Suena el timbre. Silencio. Viento enfermo que se cuela por una de las ventanas. En un típico acto reflejo, el padre baja el volumen de la televisión. No suelen llamar a esas horas, salvo los que van piso por piso pidiendo dinero. Ya que la hija está levantada y el café ha comenzado a gotear sobre la jarra de cristal, acude ella a abrir la puerta. Se escuchan unos murmullos.
Si en la cocina se jugase ahora a leer los labios de la tele enmudecida, la respuesta acertada sería que Ned Flanders está gritando “¡cortinitas moradas, adoro las cortinitas moradas!”. Capítulo archirepetido. Pero los padres están a otra cosa; cada uno a su disimulado estilo, intentando averiguar qué es lo que sucede en el recibidor.
—Será el vecino que viene a por el paquete de Amazon que le llegó ayer cuando no estaba —dice el padre.
—Le hubiera distinguido la voz, la tiene muy grave y habla alto —contesta la madre.
—Pues no sé, ahora nos dirá —culmina el padre.

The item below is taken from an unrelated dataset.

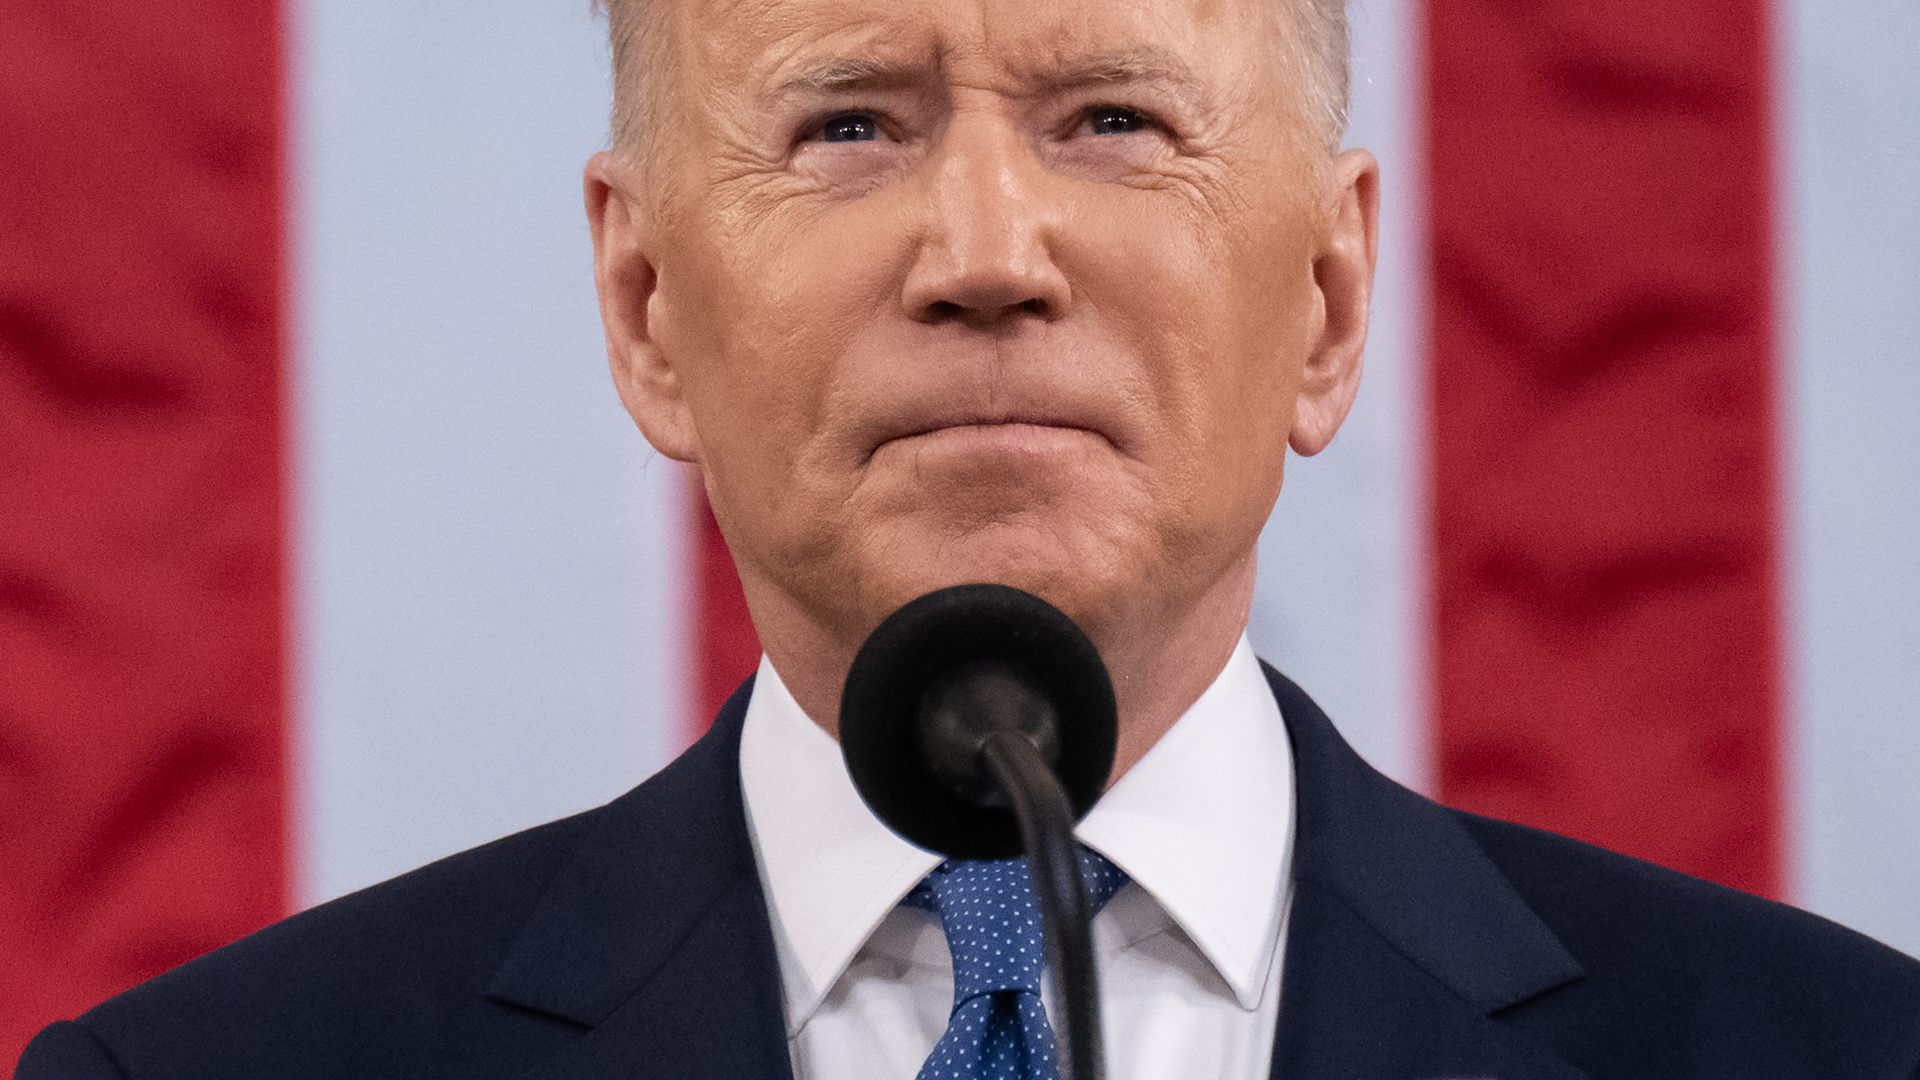 Photo of Joe Biden looking up with his mouth in a firm line

Pero pasa el tiempo, la puerta no se cierra y la hija no vuelve.
La madre, alerta, se levanta. El café ya no cae con tanta fuerza sobre la jarra de cristal.
Va al salón. Nadie.
Nadie en el pasillos. Nadie en las habitaciones. Nadie en el otro baño.
Es un martes nublado de febrero en el que como siempre, de segundo, ha habido carne con tomate.
Cuando regresa al recibidor, se queda mirando a la puerta que, entreabierta, deja escapar por la rendija la calidez de la sopa de garbanzos. Su hija no está, y si la madre abriese ahora mismo la nevera, comprobaría que la última lata de cerveza se ha ido con ella.